What is needed. No pictures go into the copy. Write out exactly the lines below from the one containing "Royalty - sowjetischen" through the one containing "Balega Enduro Reflective".

Data section.
*** Block opens ***

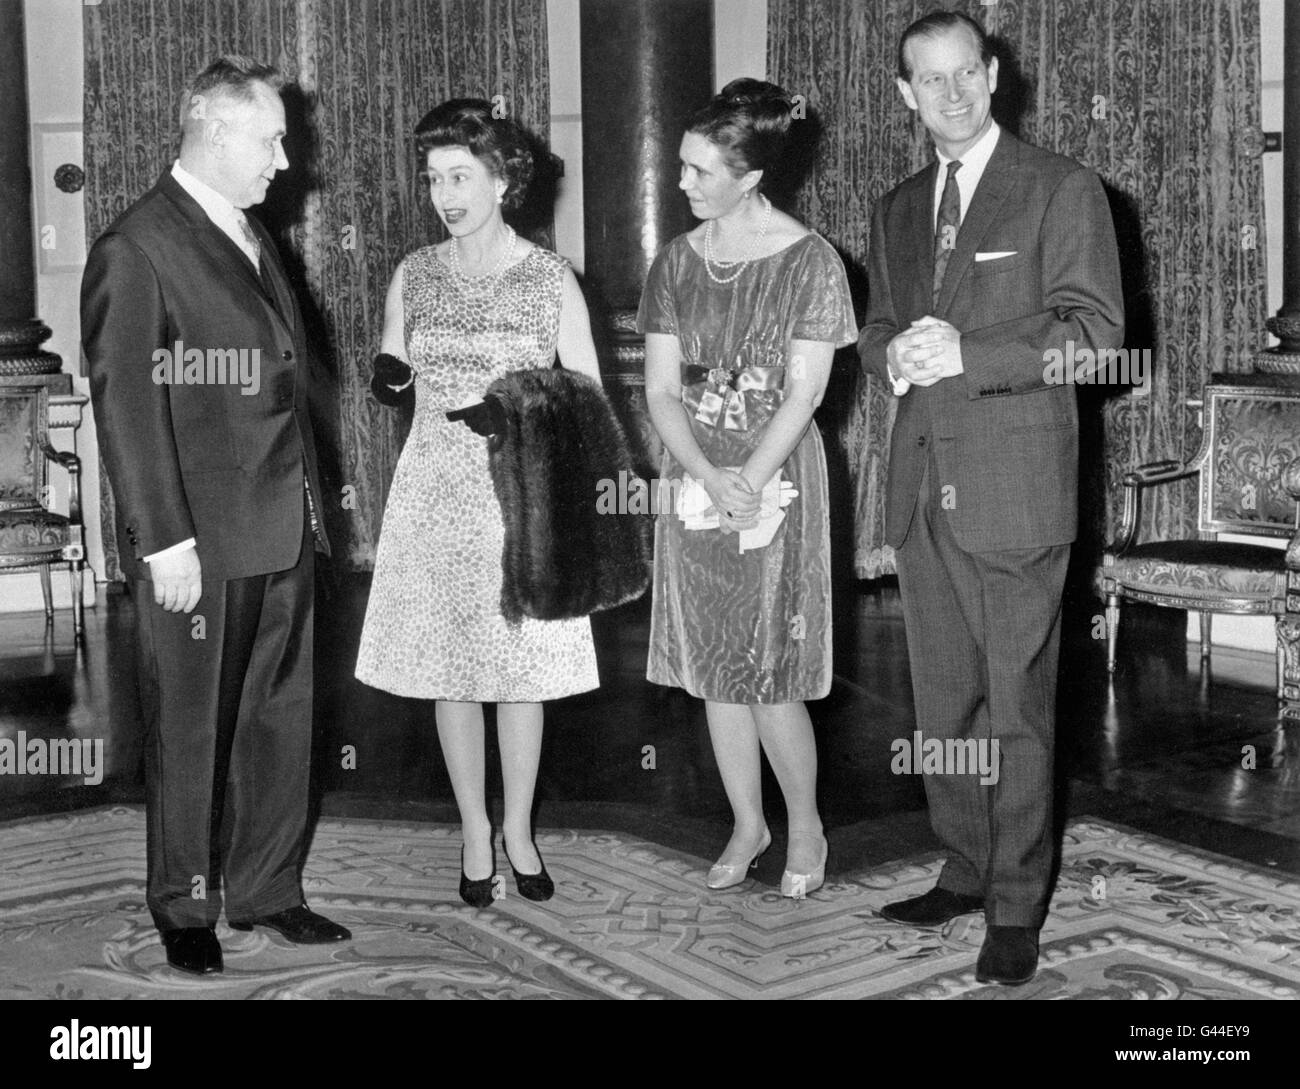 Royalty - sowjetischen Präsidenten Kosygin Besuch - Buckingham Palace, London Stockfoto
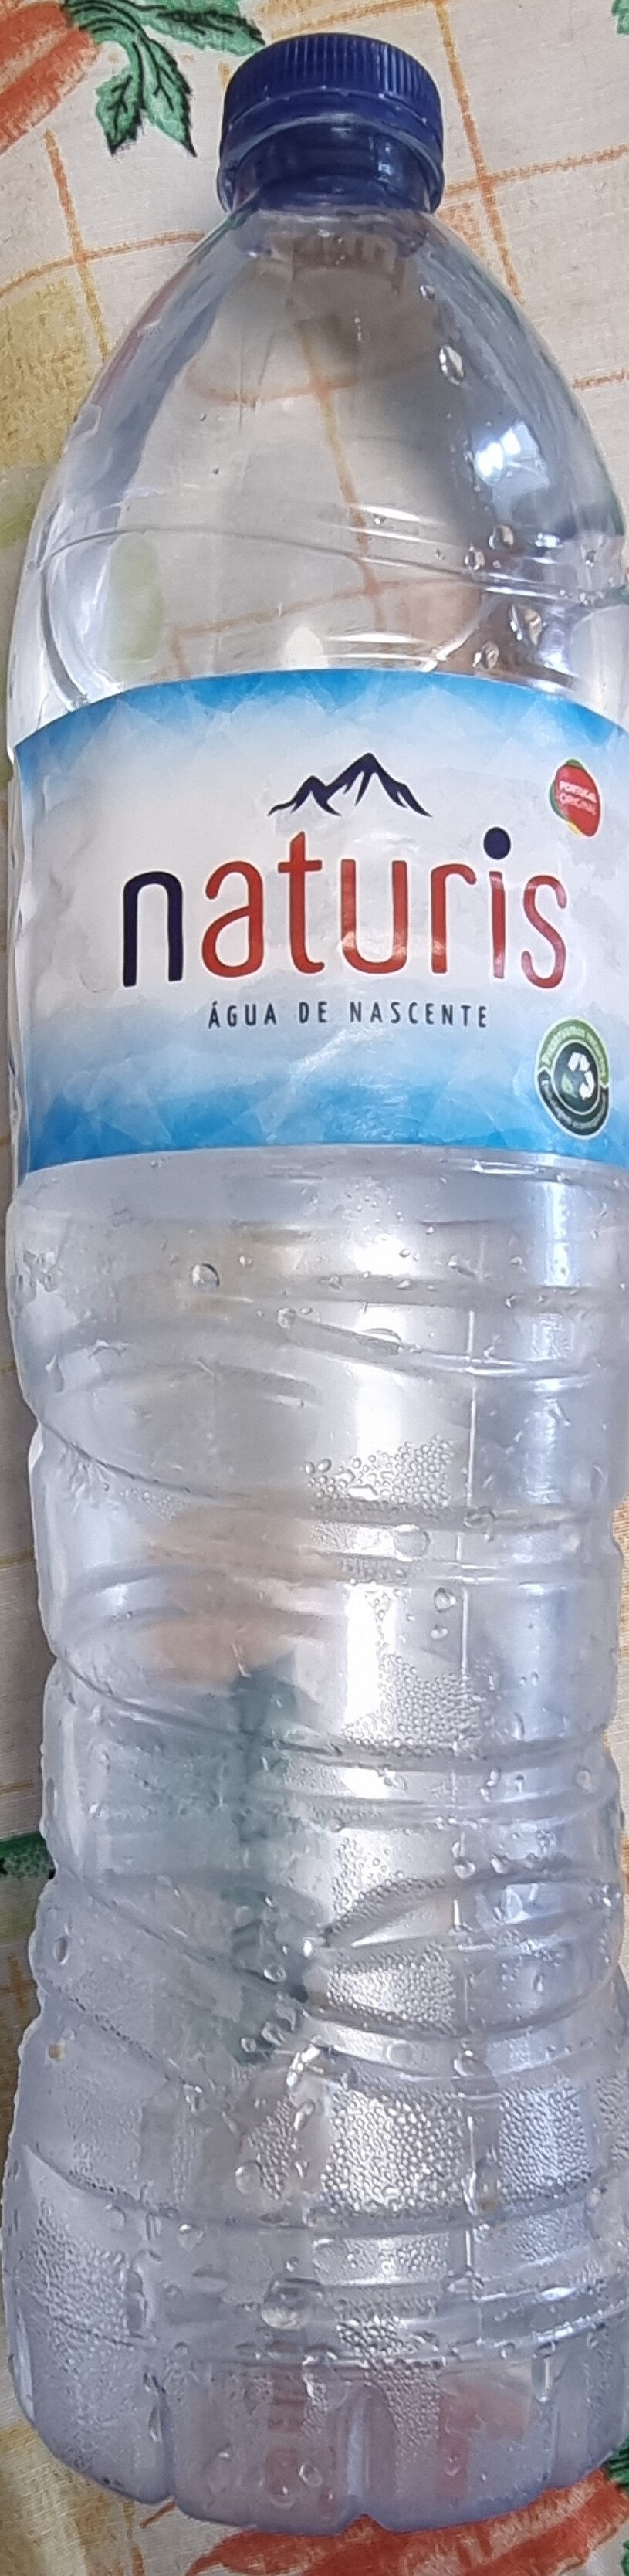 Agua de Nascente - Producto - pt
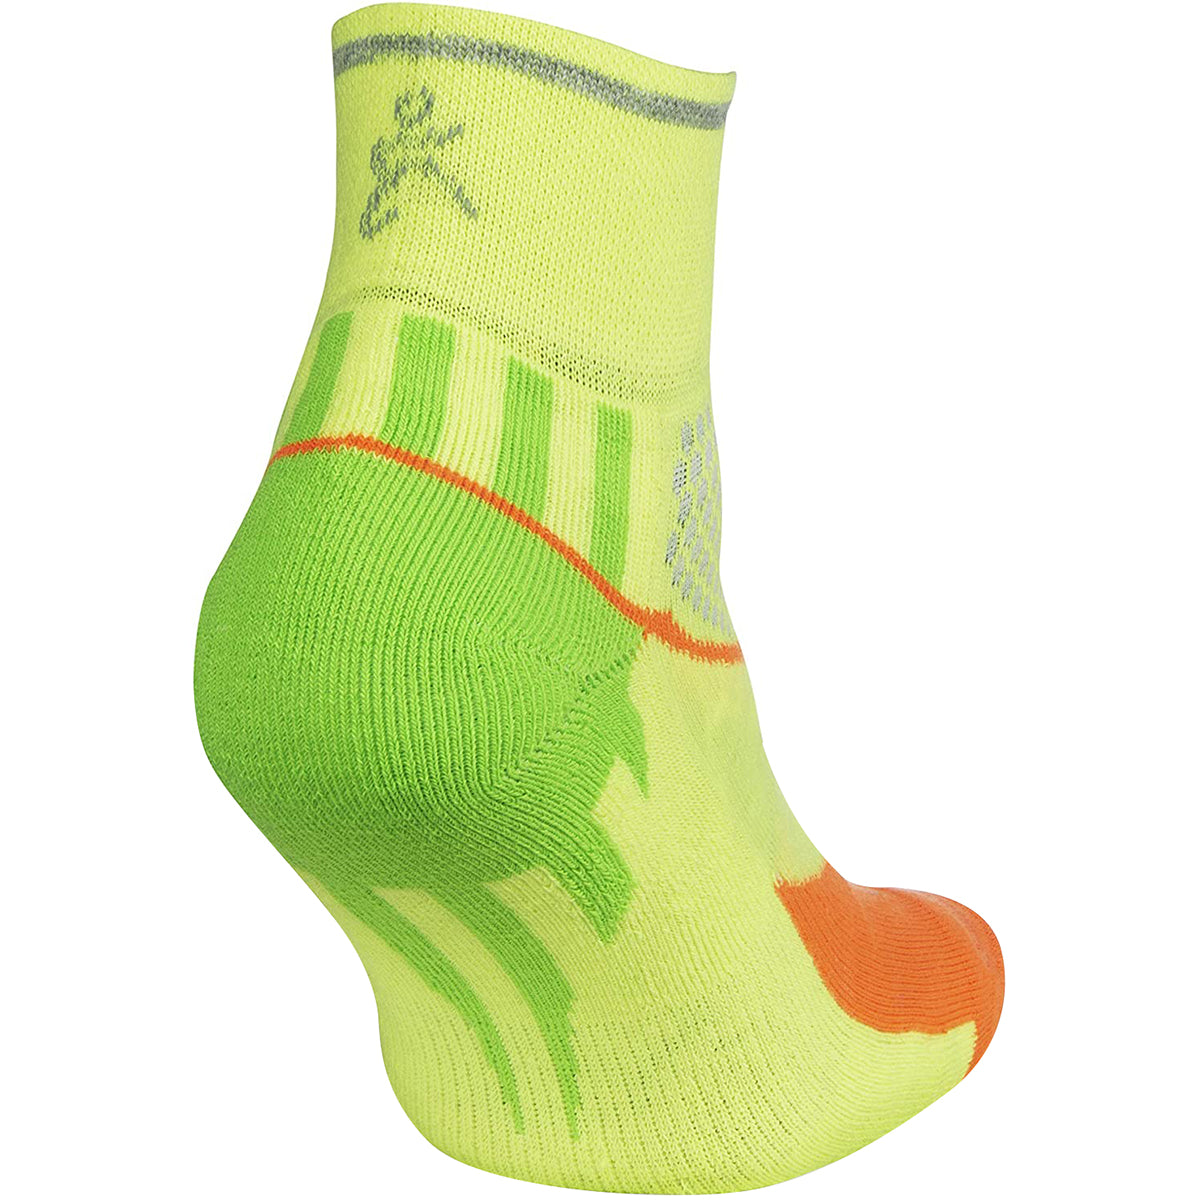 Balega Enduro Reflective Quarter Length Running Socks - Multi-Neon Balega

*** Block closes ***
*** Block opens ***

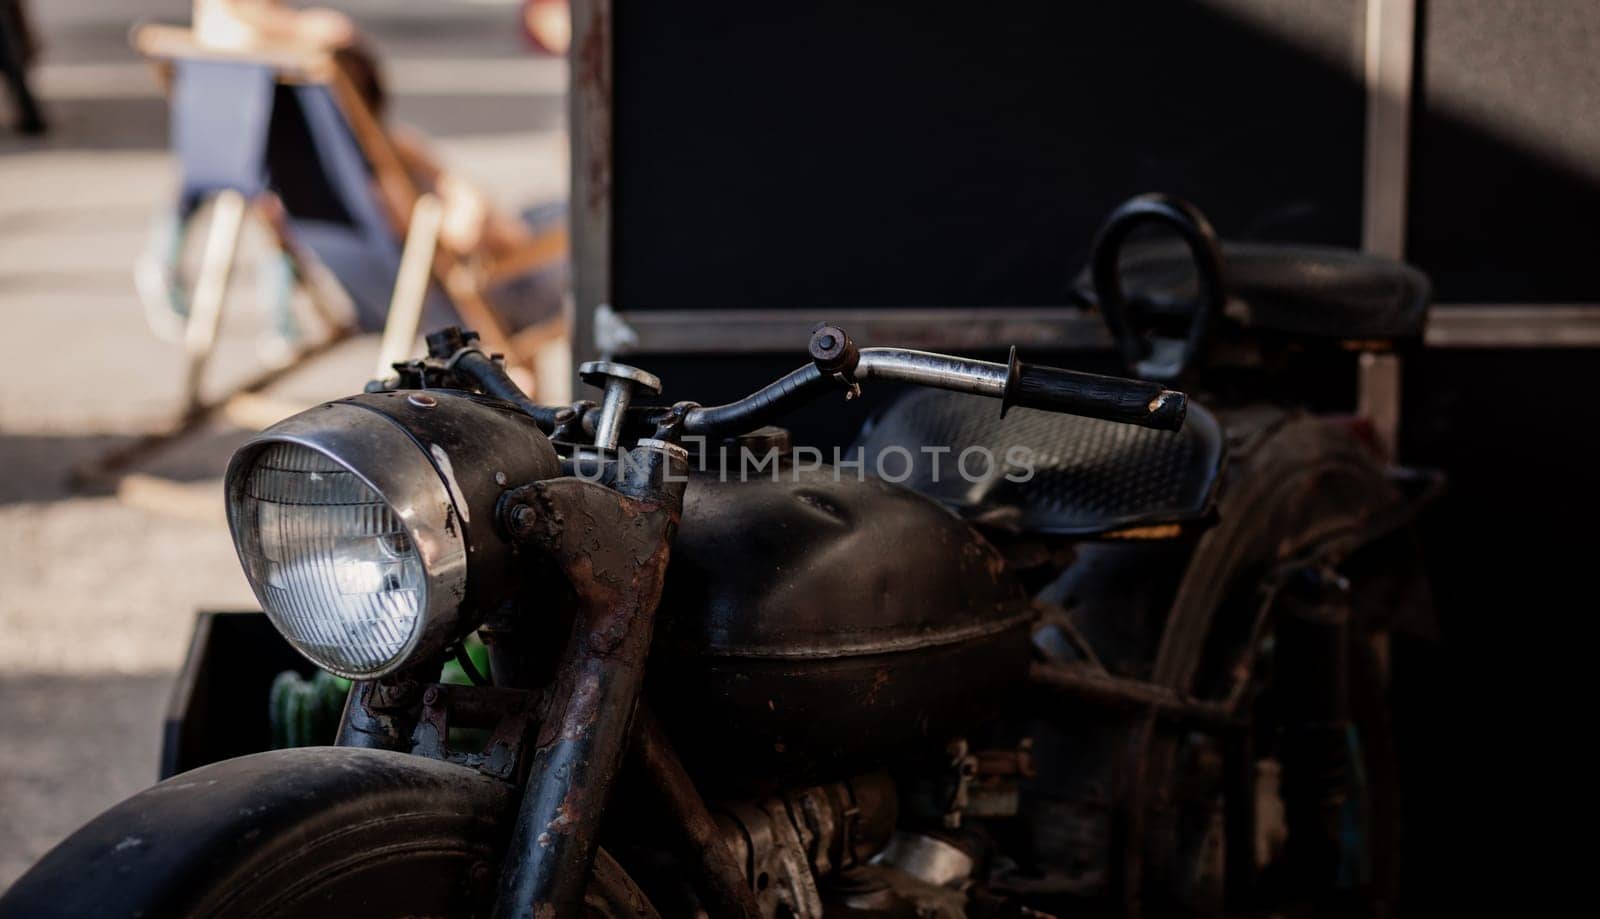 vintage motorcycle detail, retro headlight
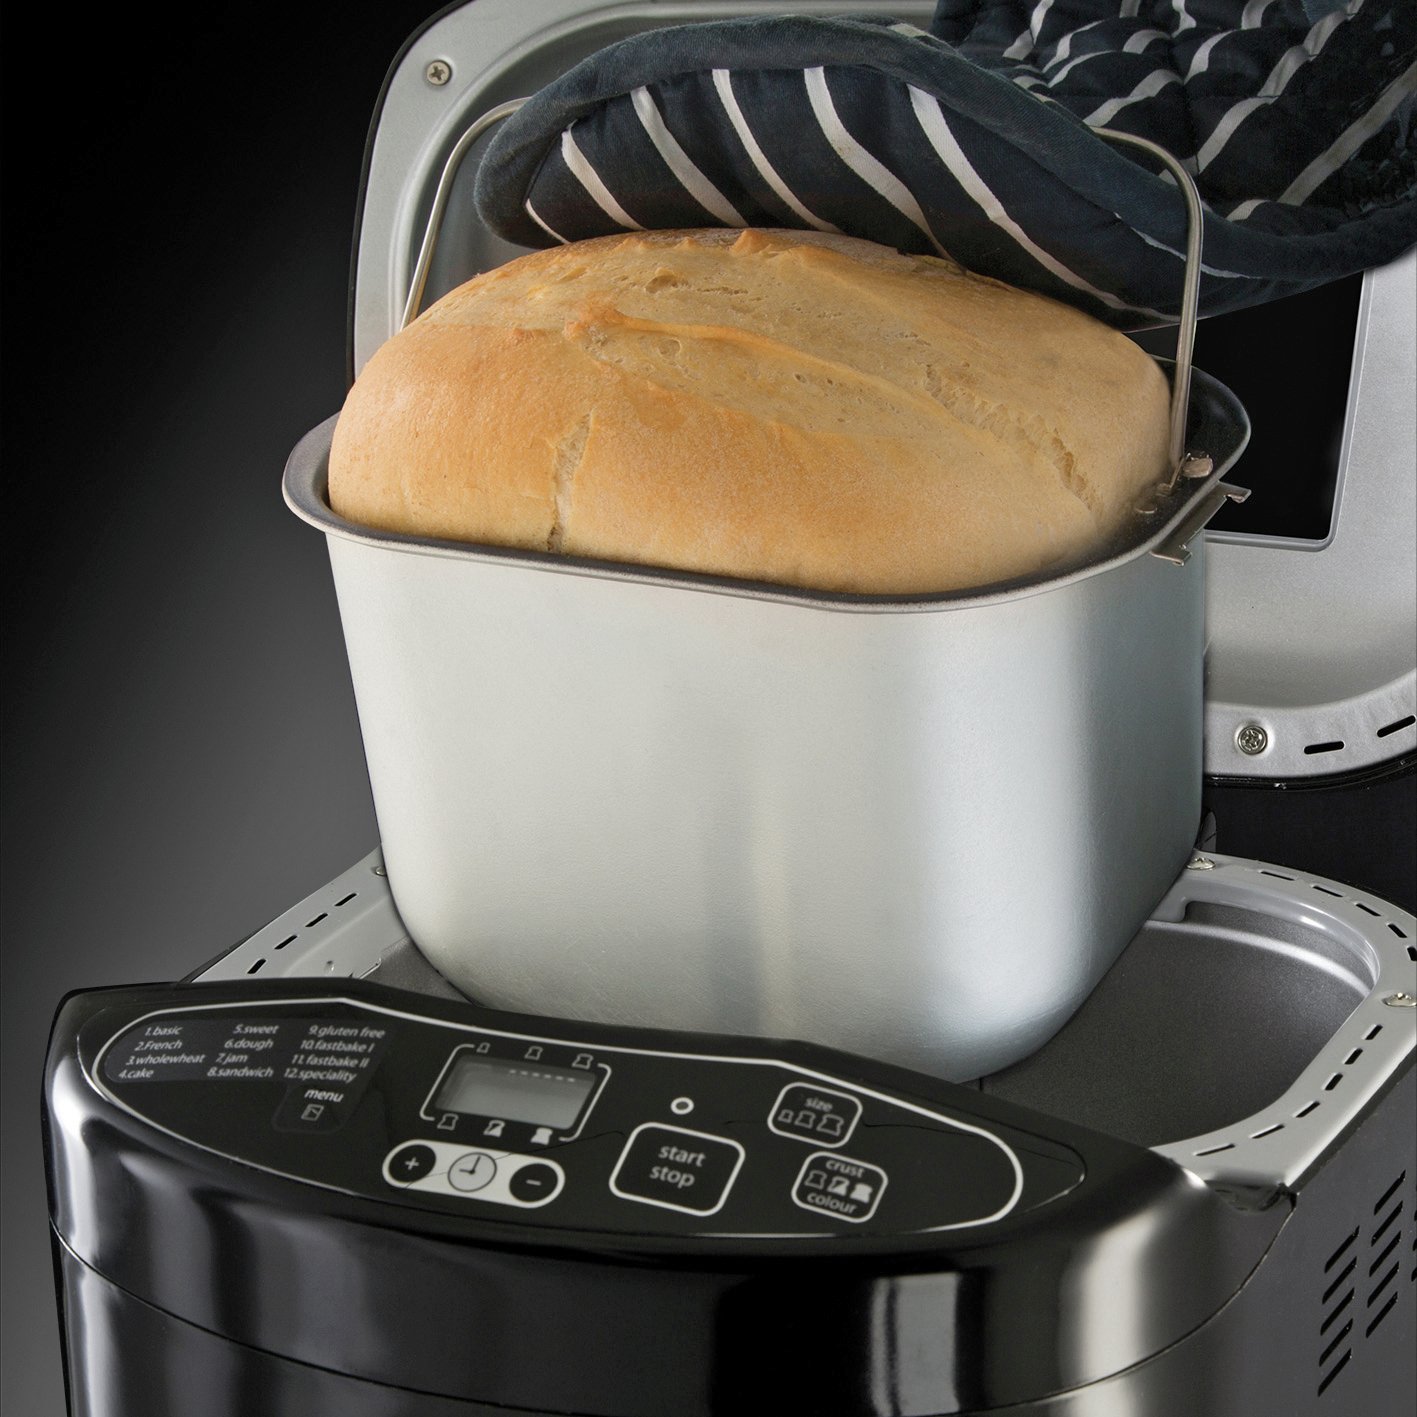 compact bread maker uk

*** Block closes ***

Response.
 Royalty - sowjetischen Präsidenten Kosygin Besuch - Buckingham Palace, London Stockfoto
 Agua de Nascente - Producto - pt
 Balega Enduro Reflective Quarter Length Running Socks - Multi-Neon Balega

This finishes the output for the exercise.